Yirminci yüzyıl tiyatro tarihinin önemli figürlerinden birisi daha aramızdan ayrıldı. Yapılan resmi açıklamaya bakılırsa Boal ölüm döşeğinde bile dramaturjik tercihlerini öne çıkarmış ve son 1 Mayıs’ını görmeden aramızdan ayrılmama konusunda bir direniş segilemiş. Kaleme aldığı son Dünya Tiyatrolar Günü Bildirgesi’nde bahsettiği türden yaşamın tiyatral yönlerinin önplana çıktığı anlardan birisi daha. 

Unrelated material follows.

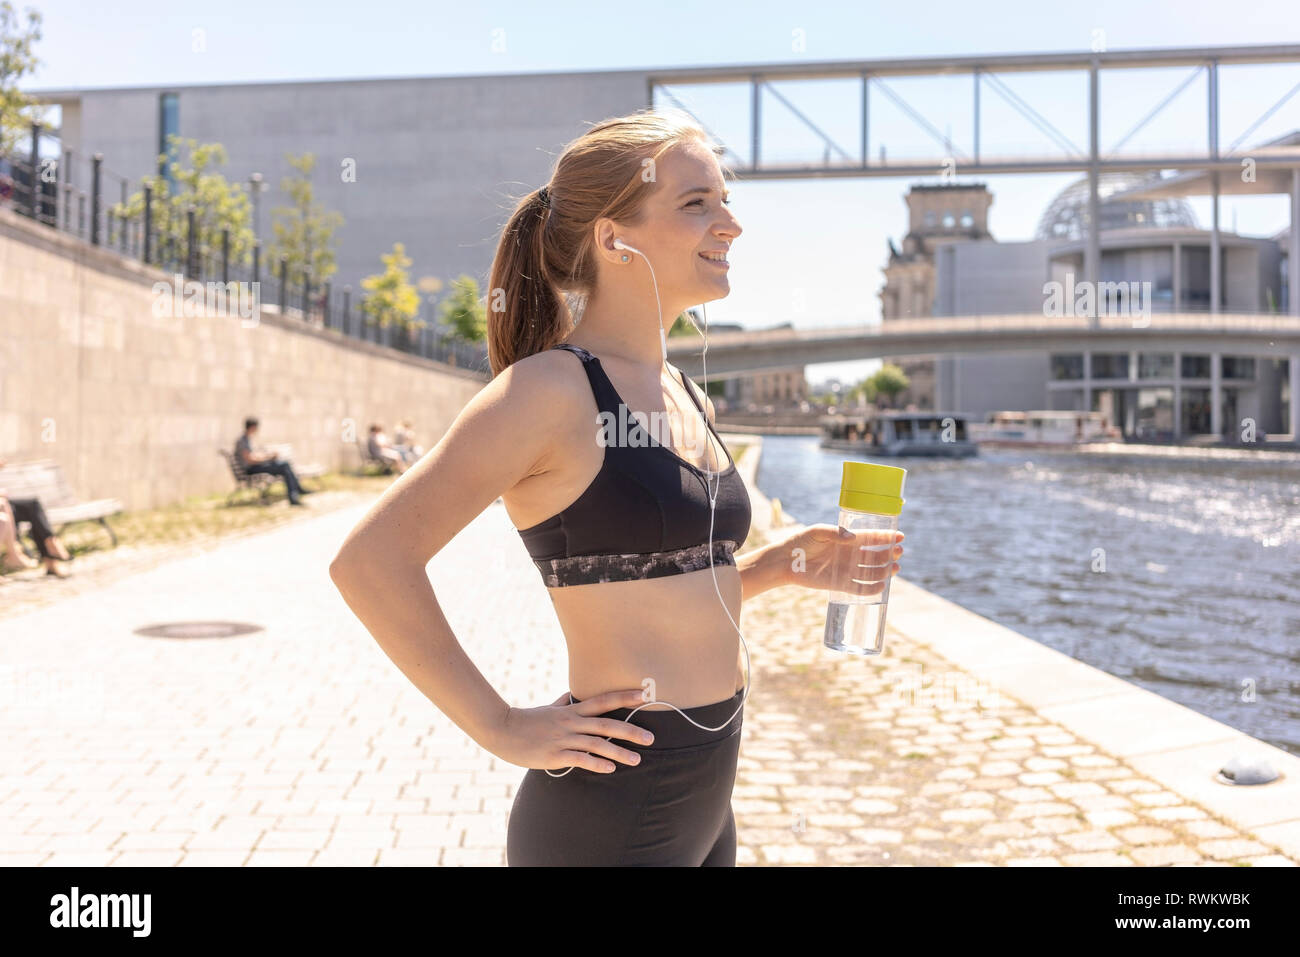 Young woman taking break from exercise in city, Berlin, Germany Stock Photo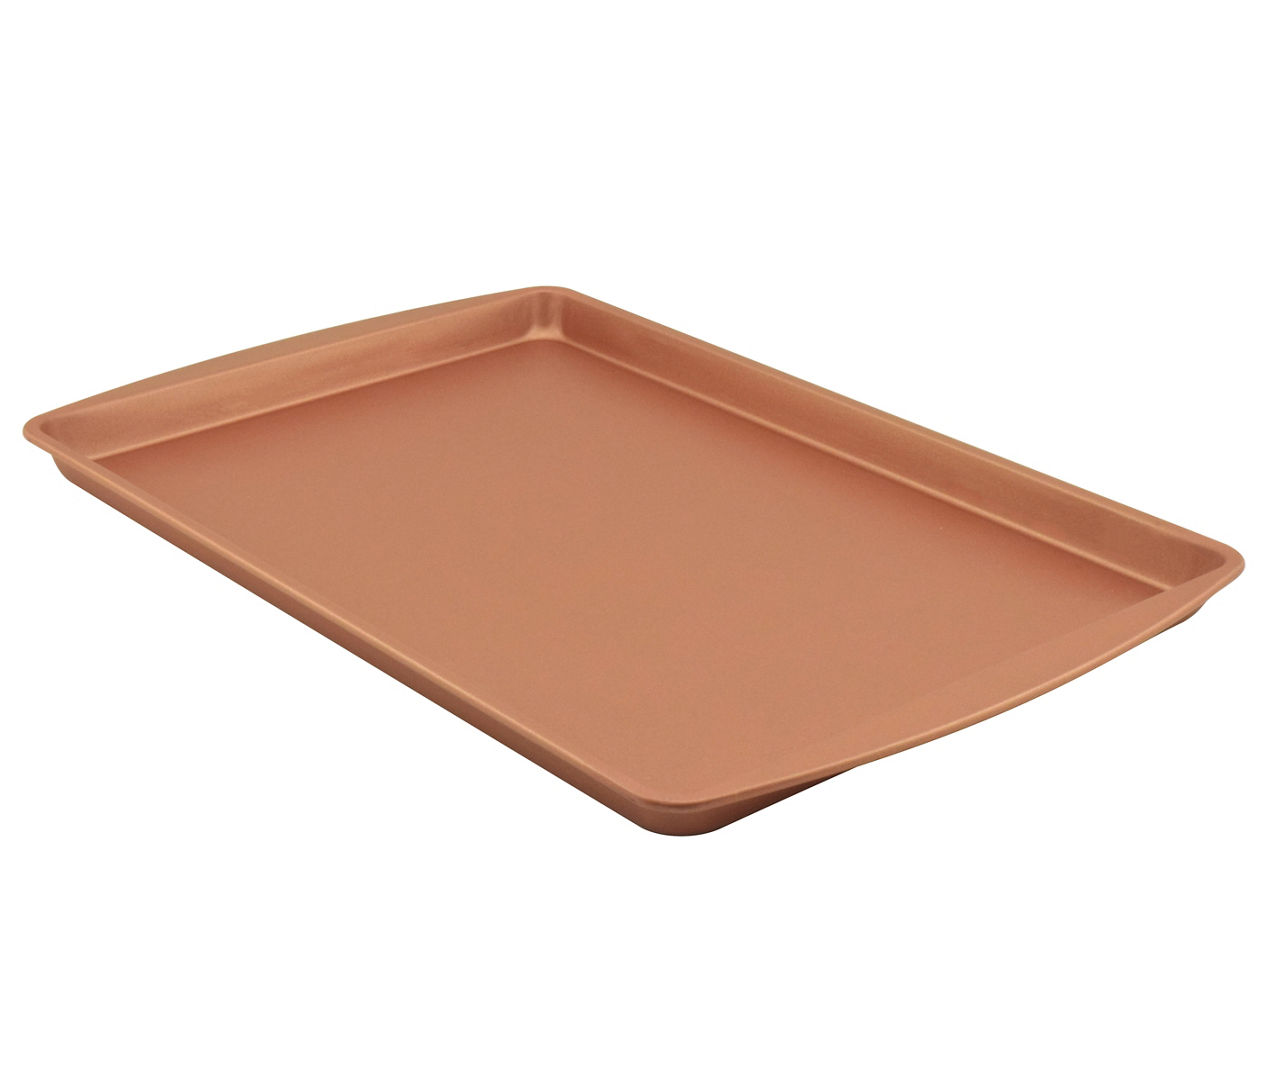 Eco Home Textured Non-Stick 12 x 9 Gold Baking Sheet | Big Lots

1931 yılında Brezilya’da doğan Augusto Boal, tiyatro serüvenine 1956–1971 yılları arasında Arena Tiyatrosu’nda başladı. Bu grup dâhilinde yürütülen alternatif bir politik tiyatro dili yaratmaya dönük denemelere aktif biçimde katıldı. Ancak 1965’te gerçekleşen askeri darbenin ardından ortaya çıkan politik koşullar onun ve arkadaşlarının ülkede kalmalarını imkânsız hale getirmişti. Bir süre için bu koşullara dirense de 1971 yılında artan baskılar nedeniyle ülkesini terk etmek zorunda kaldı. Güney Amerika’da başlayıp Avrupa’ya ulaşacak sürgün yolculuğu, onu önemli bir tiyatro kuramcısı ve uygulamacısı haline getirecek, dünya çapında tanınmasına yol açacaktı.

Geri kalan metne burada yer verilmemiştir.